An essential feature of RefDens is its independence of experimental data other than the model coordinates and therefore it can be applied to any structural model, like structures determined by NMR spectroscopy, since the electron density is computed from the input model by standard procedures as used in X-ray analysis. The evaluation of 79 NMR structures with high quality X-ray counterparts shows that RefDens reliably identifies unfavorable side-chain conformations in NMR structures.
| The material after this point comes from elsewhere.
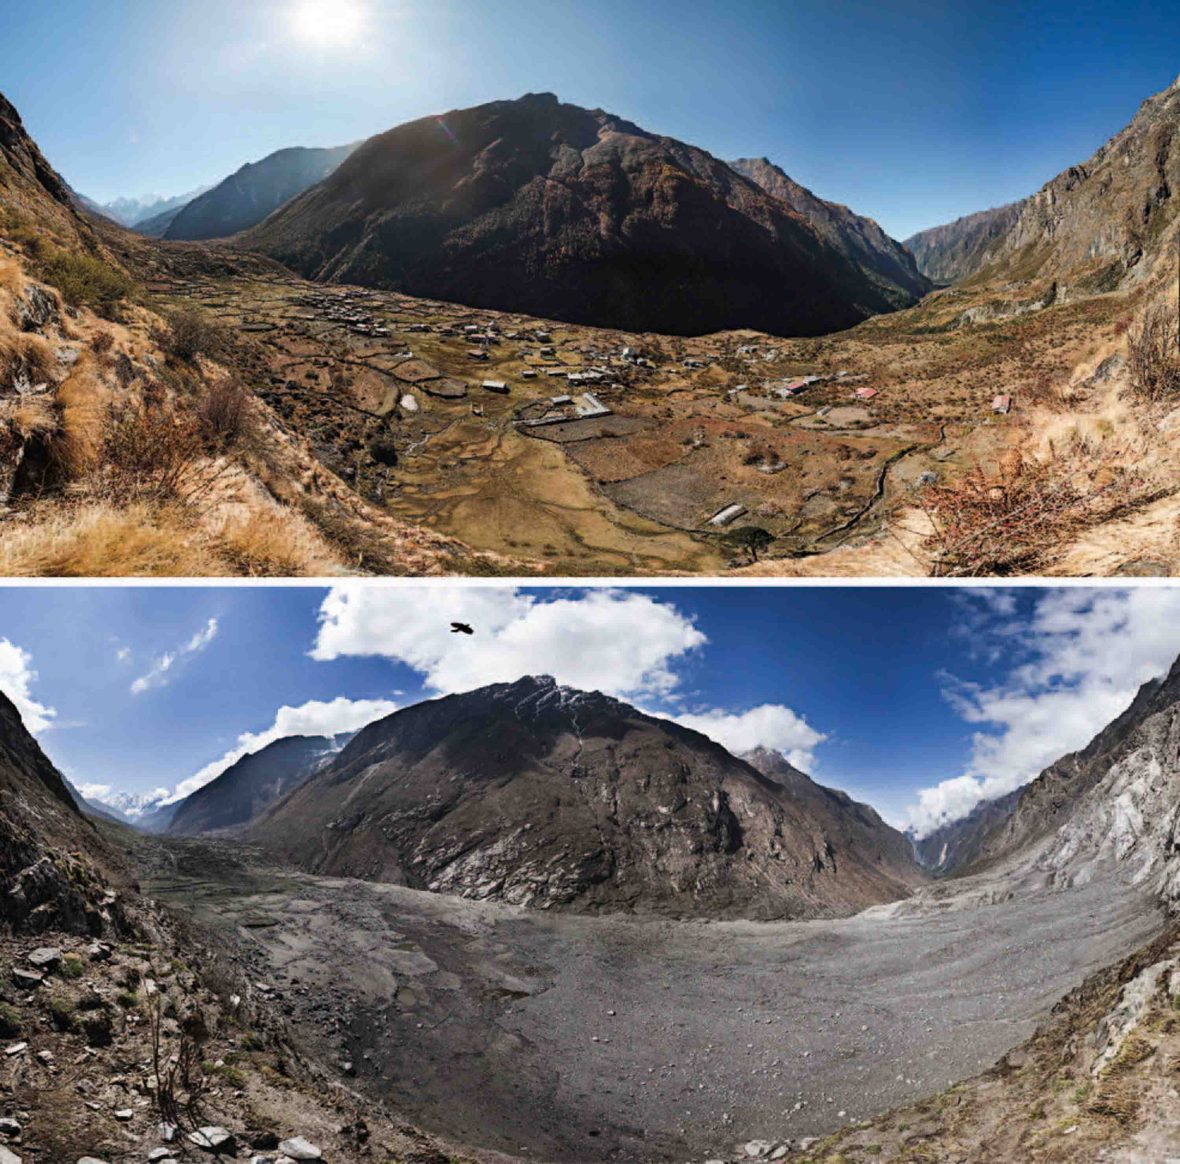 Before and after photos of Langtang valley, showing the destruction caused by the earthquake.

We are convinced that RefDens is of considerable interest for researchers in NMR spectroscopy. The analysis of the electron density environment has several methodological advantages as compared to classic structure quality assessment approaches, including the independence from the frequency of certain atom types in the training set (e.g., seldomly observed ligands atoms…), the direct steric depiction of the problematic regions and the natural combination of multiple pairwise distance violations into a single score. The evaluation of a single side-chain using RefDens takes less than a quarter of a second on a standard desktop computer. Therefore it allows the calculation of electron excess scores for large number of different models. Further research will be concentrated on the inclusion of main chain densities and the automated correction of unrealistic densities.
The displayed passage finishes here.